A proof of a criterion of vanishing of a function. Let $f\in C^{\infty}[-1,1]$, and there exists a constant $M>0$ s.t 
$$|f^{(j)}(x)|\le M \forall j \in \mathbb{Z}\forall x\in [-1,1]$$
Prove that if $f(1/k)=0$ for each $k\in \mathbb{N}$ then $f=0$.
I am thinking of using a Taylor expansion, I need somehow to show that all the coefficients vanish.

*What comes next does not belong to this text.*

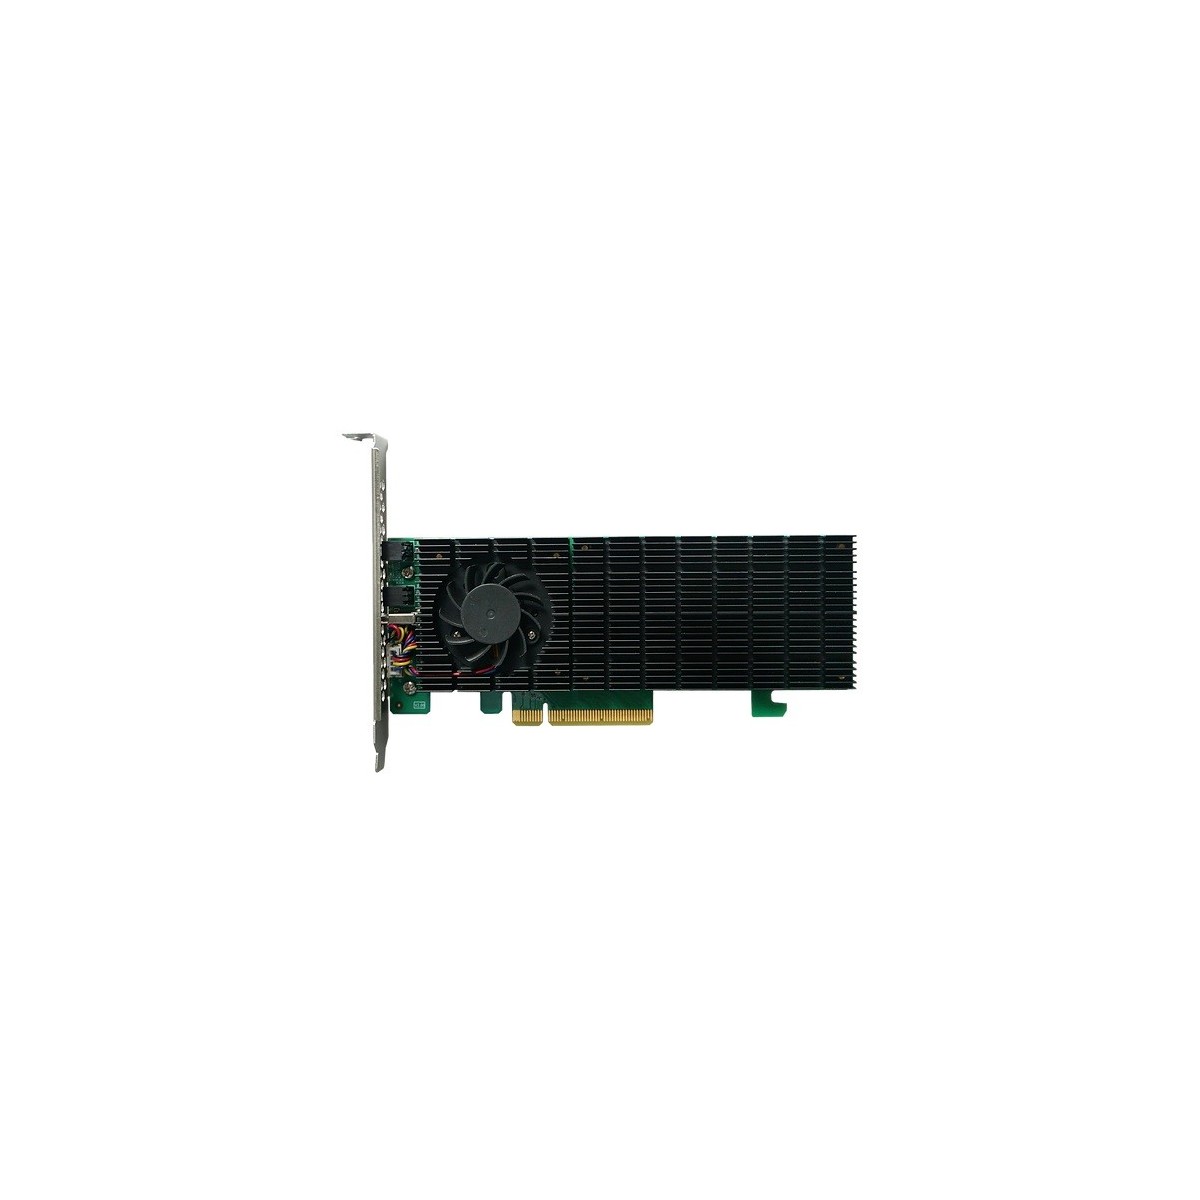 HighPoint HighP SSD6202A 2x M.2 PCIe Gen3 x8 NVMe - NVMe

So if I take $f(1/k)=0$ I take $k\to \infty$ then $f(0)=0$ but how to do the rest of the coefficients get to vanish?
I don't see it.
 A: Your idea is correct. In fact $f$ has a Taylor expansion
$$f(x) = \sum_{n=0}^\infty \frac{f^{(n)}(0)}{n!}x^n .$$
Note we have $f(x) -  \sum_{n=0}^N\frac{f^{(n)}(0)}{n!}x^n = \frac{f^{(N+1)}(\xi)}{(N+1)!}x^{N+1}$ with some $\xi$ between $0$ and $x$, that is $\lvert f(x) -  \sum_{n=0}^N\frac{f^{(n)}(0)}{n!}x^n \rvert \le \frac{M}{(N+1)!}$ which proves convergence.

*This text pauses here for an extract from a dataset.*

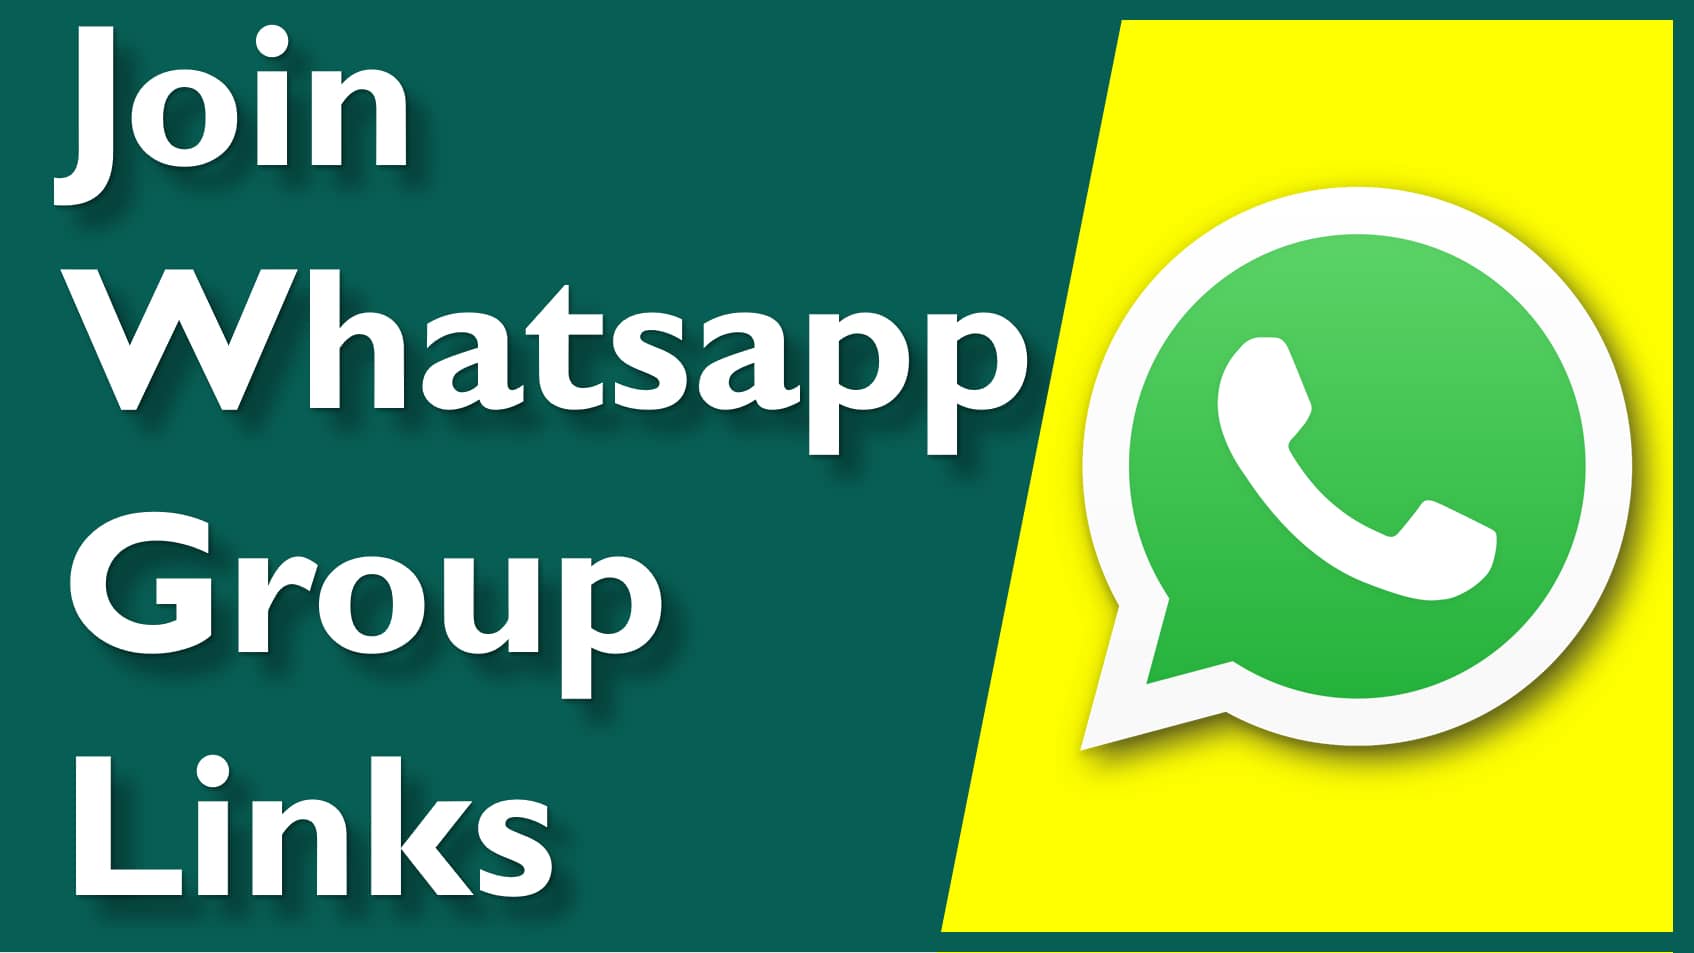 Call boy whatsapp group

Now let us consider the complex power series $\sum_{n=0}^\infty \frac{f^{(n)}(0)}{n!}z^n$. It has radius of convergence $R = \infty$ because $1/R = \limsup \sqrt[n]{\lvert\frac{f^{(n)}(0)}{n!}\rvert} \le \limsup \sqrt[n]{\lvert\frac{M}{n!}\rvert} = 0$. Therefore the power series converges to a holomorphic function $F : \mathbb C \to  \mathbb C$. We have $F(x) = f(x)$ for $x \in [-1,1]$. Moreover we have $F(1/k) = 0$ for all $k \in \mathbb N$ and this implies $F = 0$ (identity theorem for holomorphic functions), hence $f = 0$.
Edited on request:
Here is a proof without using complex analysis. We shall show that all $f^{(n)} (0)= 0$ which proves $f = 0$.
We construct inductively sequences $s^n = (\xi_k^n)$, $n =0,1,2,3,\dots$, of points in $(0, 1]$ such that


*

*For each $n$, the sequence $(\xi_k^n)$ is strictly decreasing and $\lim_{k\to\infty}\xi_k^n = 0$.

*$f^{(n)}(\xi_k^n) = 0$ for all $n, k$.
This will show that $f^{(n)}(0) = \lim_{k\to\infty}f^{(n)}(\xi_k^n) = 0$.
For $n = 0$ we take $\xi_k^0 = 1/k$. Now assume that we have constructed the sequences $s^0,\dots,s^n$. To construct $s^{n+1}$, we proceed as follows.
We know that $f^{(n)}(\xi_k^n) = f^{(n)}(\xi_{k+1}^n) = 0$. By Rolle's theorem we find $\xi_k^{n+1} \in (\xi_{k+1}^n,\xi_k^n)$ such that $f^{(n+1)}(\xi_k^{n+1}) = 0$. Then $(\xi_k^{n+1})$ is the desired sequence.
A: A function satisfies your assumption on the derivatives is real analytic, and so the set of its zeroes cannot have an accumulation point in its domain.
I leave it to you to find the proofs of these classical theorems.